(SOURCE DATA Opens)

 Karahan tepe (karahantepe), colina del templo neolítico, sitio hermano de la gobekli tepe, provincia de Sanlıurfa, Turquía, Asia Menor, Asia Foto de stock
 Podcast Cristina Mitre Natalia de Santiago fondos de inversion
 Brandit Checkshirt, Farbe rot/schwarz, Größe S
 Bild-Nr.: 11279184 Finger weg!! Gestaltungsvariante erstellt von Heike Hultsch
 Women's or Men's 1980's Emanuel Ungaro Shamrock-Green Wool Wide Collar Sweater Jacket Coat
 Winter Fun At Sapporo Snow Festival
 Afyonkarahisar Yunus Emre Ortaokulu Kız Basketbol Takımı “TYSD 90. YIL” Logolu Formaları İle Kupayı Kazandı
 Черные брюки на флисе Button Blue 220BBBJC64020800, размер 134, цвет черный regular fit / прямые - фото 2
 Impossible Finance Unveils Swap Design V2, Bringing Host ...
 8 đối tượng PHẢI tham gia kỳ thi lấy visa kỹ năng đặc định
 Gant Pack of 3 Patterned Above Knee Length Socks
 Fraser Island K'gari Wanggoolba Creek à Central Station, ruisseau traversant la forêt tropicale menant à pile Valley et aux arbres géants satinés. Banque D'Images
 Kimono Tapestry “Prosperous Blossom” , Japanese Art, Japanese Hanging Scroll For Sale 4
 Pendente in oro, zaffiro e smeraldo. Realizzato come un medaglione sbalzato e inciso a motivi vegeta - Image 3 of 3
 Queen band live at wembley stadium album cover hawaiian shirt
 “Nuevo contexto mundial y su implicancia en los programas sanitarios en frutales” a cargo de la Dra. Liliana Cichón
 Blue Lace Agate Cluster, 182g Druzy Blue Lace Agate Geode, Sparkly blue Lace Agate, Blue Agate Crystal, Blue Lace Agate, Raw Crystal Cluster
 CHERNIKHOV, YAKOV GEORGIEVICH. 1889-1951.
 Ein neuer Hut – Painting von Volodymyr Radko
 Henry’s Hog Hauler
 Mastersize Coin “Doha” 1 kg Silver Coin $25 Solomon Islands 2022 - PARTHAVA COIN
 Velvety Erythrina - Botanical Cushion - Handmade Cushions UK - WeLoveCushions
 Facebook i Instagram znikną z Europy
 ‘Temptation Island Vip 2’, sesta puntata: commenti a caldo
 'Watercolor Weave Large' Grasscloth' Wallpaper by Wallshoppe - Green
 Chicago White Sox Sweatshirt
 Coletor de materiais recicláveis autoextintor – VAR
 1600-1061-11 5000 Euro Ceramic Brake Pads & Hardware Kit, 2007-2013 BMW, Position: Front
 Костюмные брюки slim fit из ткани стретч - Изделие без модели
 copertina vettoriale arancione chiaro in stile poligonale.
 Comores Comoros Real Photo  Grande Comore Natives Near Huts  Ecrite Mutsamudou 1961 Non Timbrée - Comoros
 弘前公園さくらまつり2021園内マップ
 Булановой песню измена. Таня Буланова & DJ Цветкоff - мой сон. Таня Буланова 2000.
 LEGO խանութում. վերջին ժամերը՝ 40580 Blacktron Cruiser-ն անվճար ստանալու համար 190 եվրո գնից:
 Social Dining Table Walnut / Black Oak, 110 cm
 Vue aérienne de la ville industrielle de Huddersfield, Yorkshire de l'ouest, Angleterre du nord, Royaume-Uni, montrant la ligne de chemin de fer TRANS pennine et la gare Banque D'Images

(SOURCE DATA Closes)

TASK DIRECTIONS –
Would you retype exactly the lines above, from the line with "8 đối tượng" to the line with "Fraser Island K'gari", with both end lines kept and nothing more?

WRITTEN REPLY –
 8 đối tượng PHẢI tham gia kỳ thi lấy visa kỹ năng đặc định
 Gant Pack of 3 Patterned Above Knee Length Socks
 Fraser Island K'gari Wanggoolba Creek à Central Station, ruisseau traversant la forêt tropicale menant à pile Valley et aux arbres géants satinés. Banque D'Images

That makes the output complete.